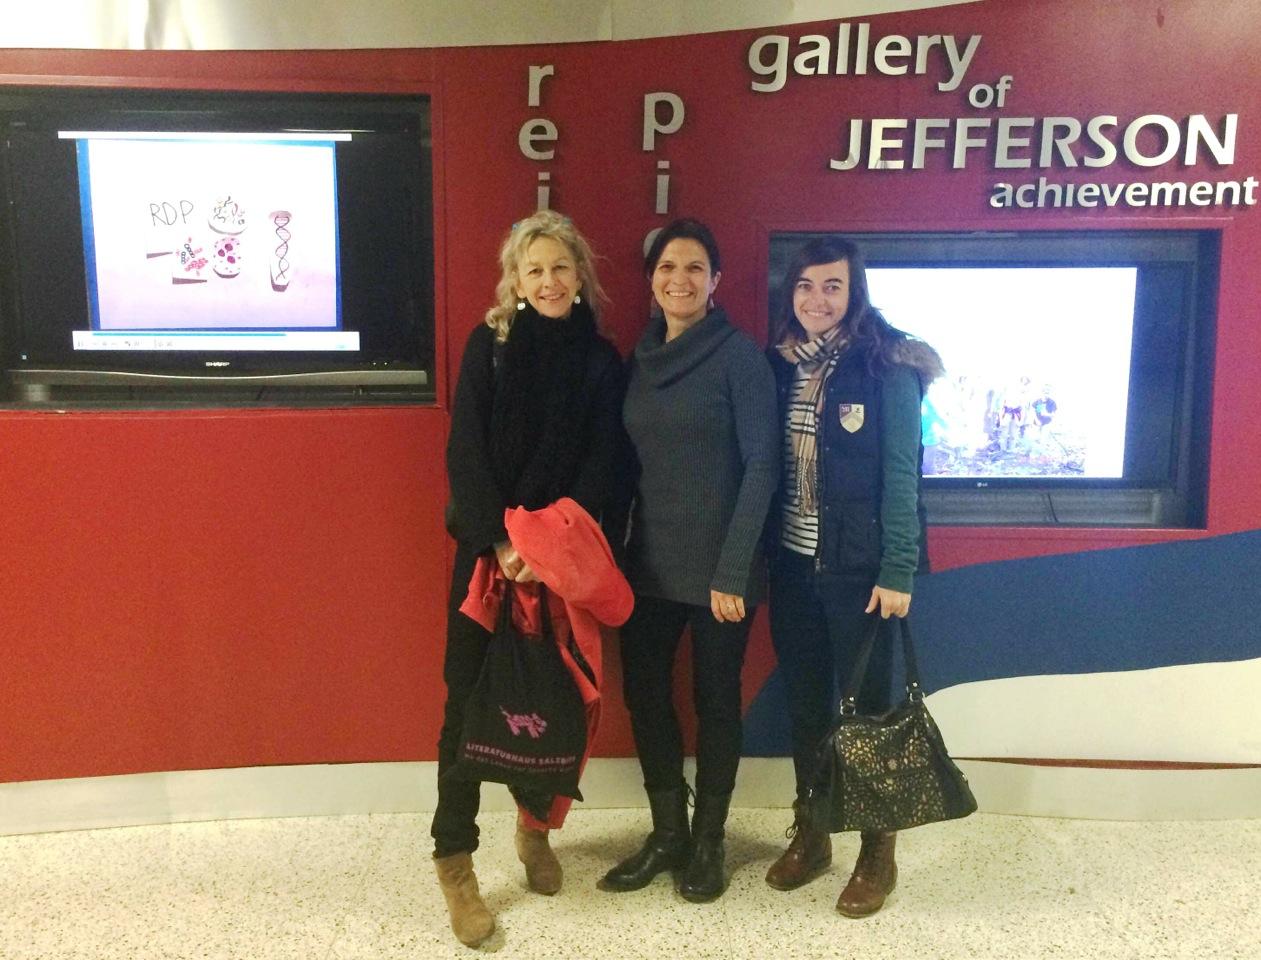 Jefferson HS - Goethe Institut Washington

========================================

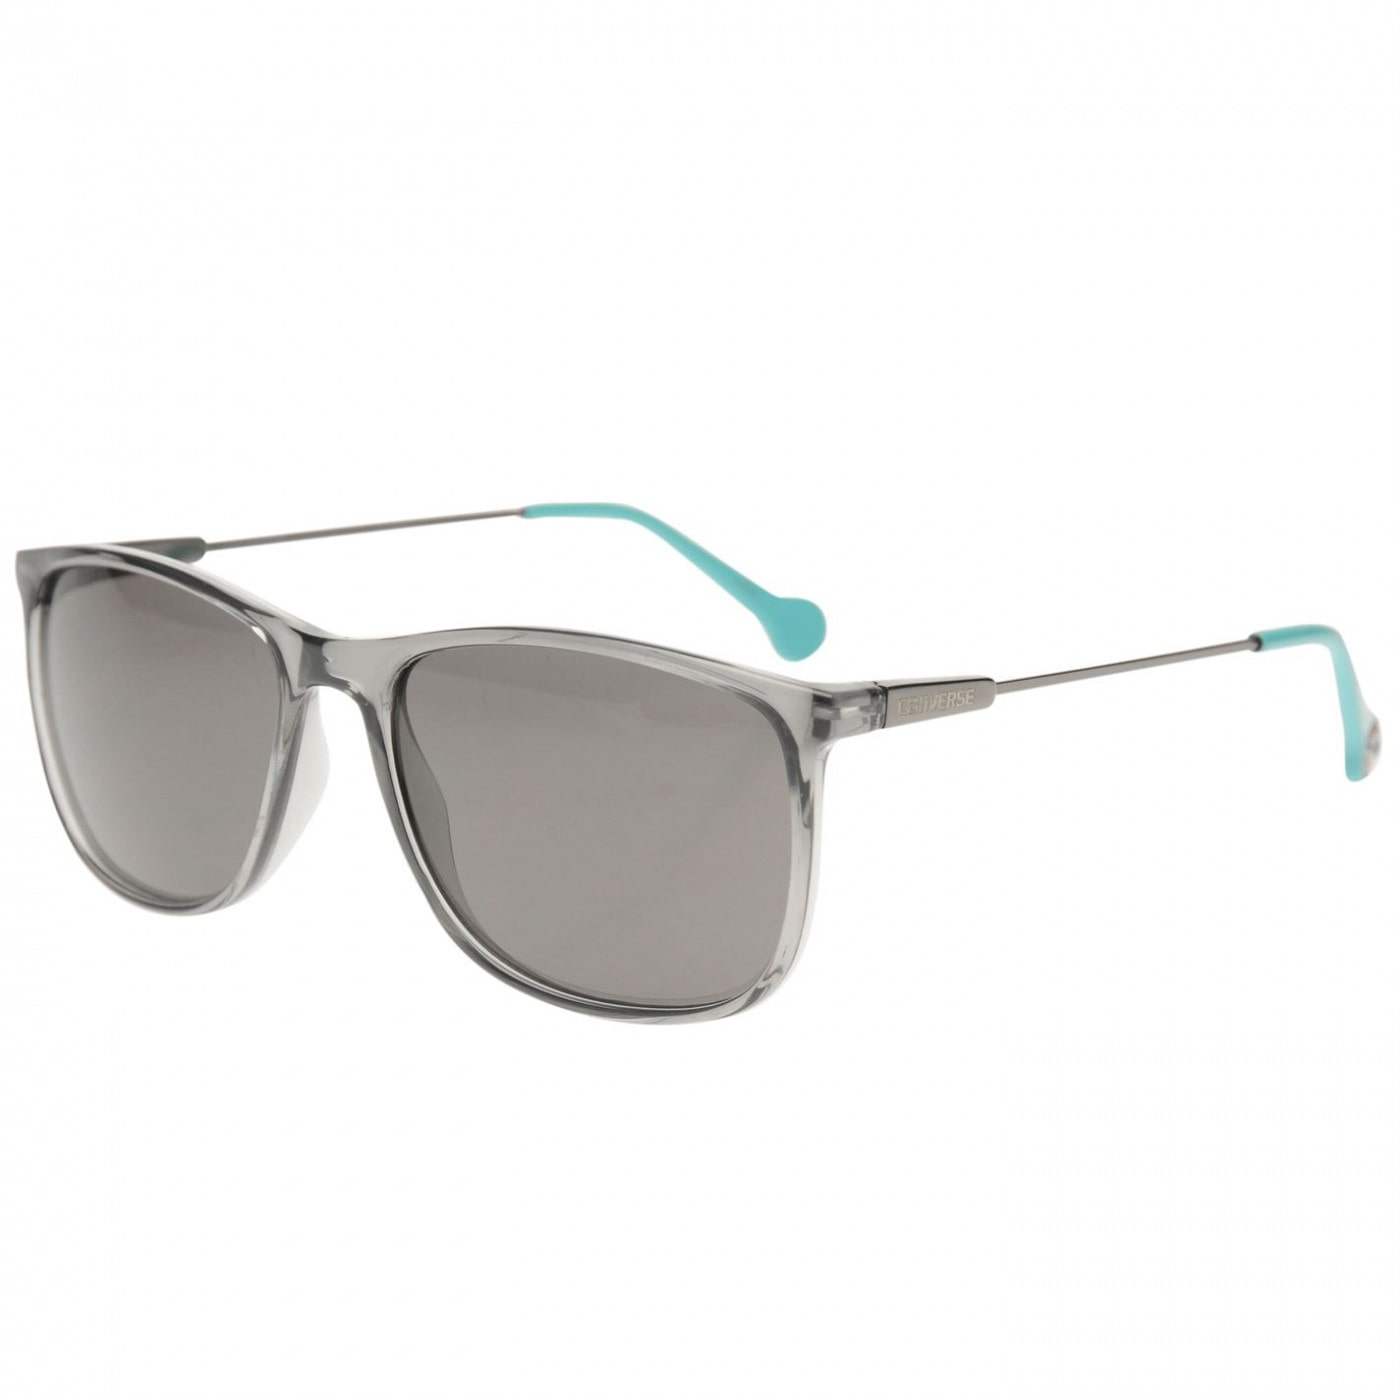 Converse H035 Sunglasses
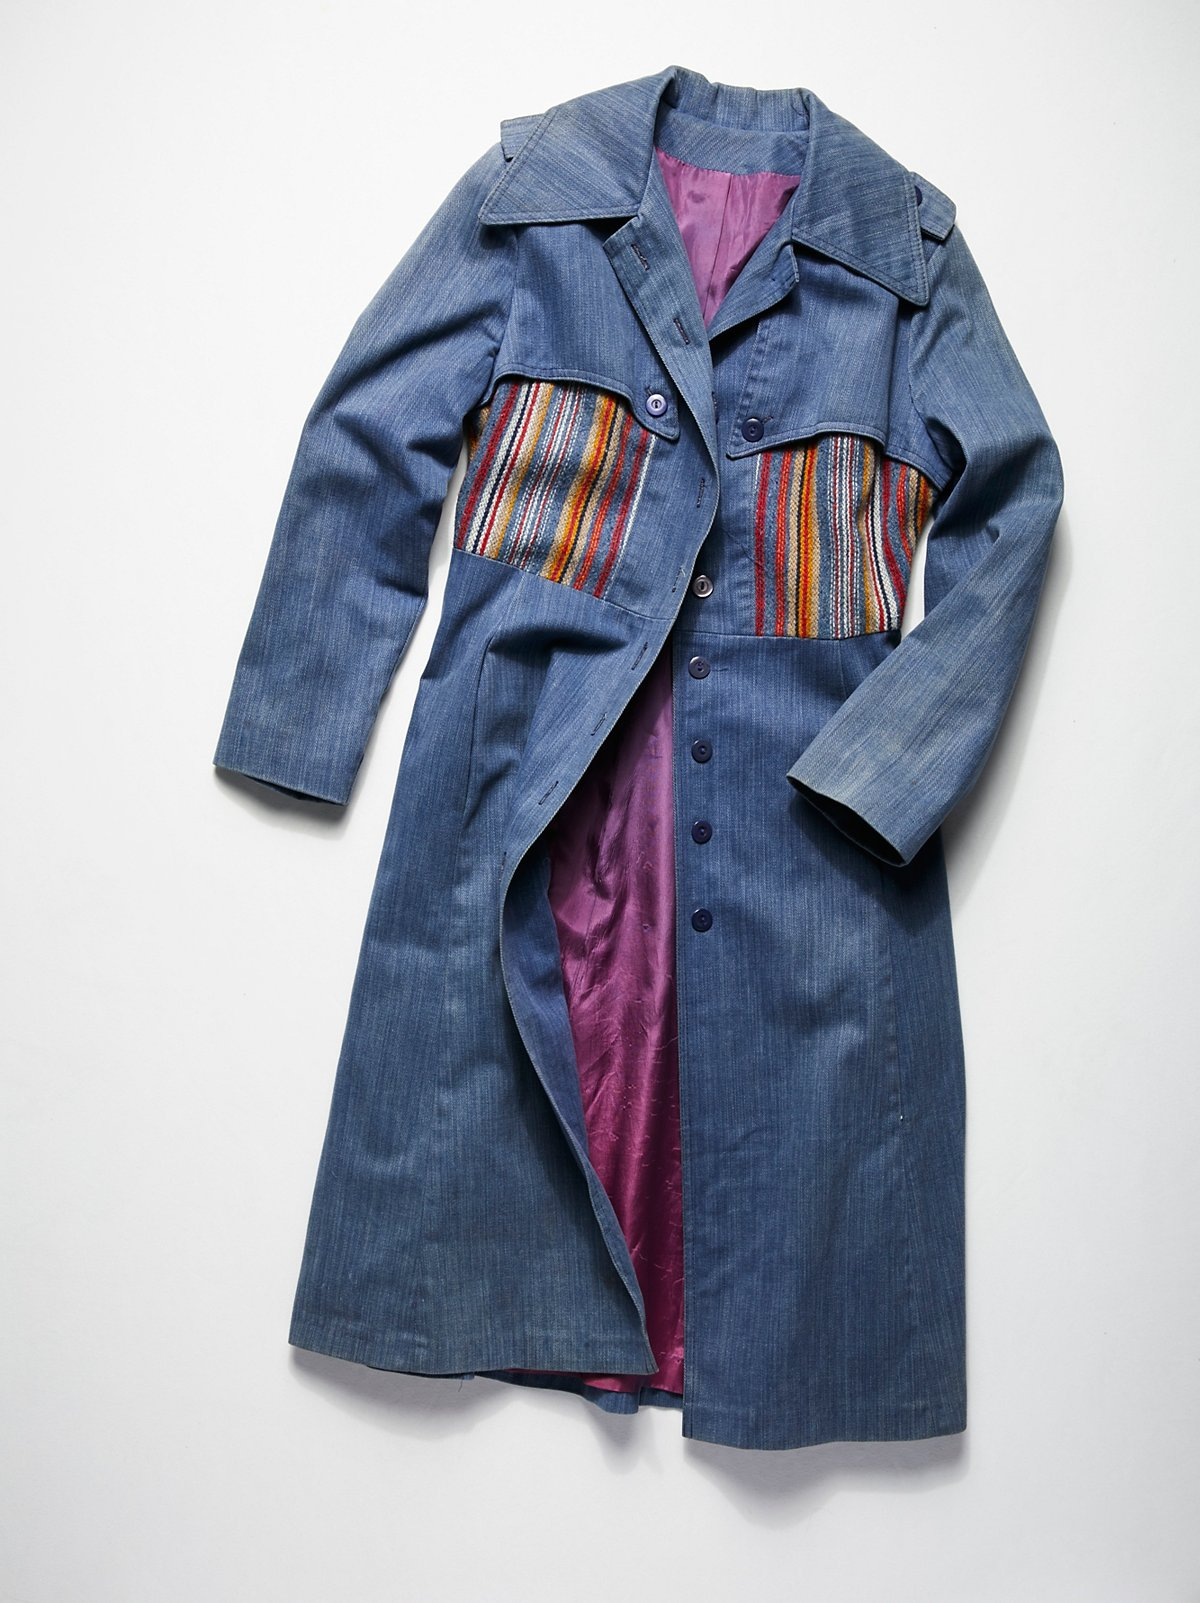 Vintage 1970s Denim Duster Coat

========================================

▶ [Work item]: Given the entries above, transcribe exactly the lines from the one holding "Converse H035 Sunglasses" through the one holding "Vintage 1970s Denim Duster Coat"; pictures do not belong in the transcription.

▶ [Task answer]:
 Converse H035 Sunglasses
 Vintage 1970s Denim Duster Coat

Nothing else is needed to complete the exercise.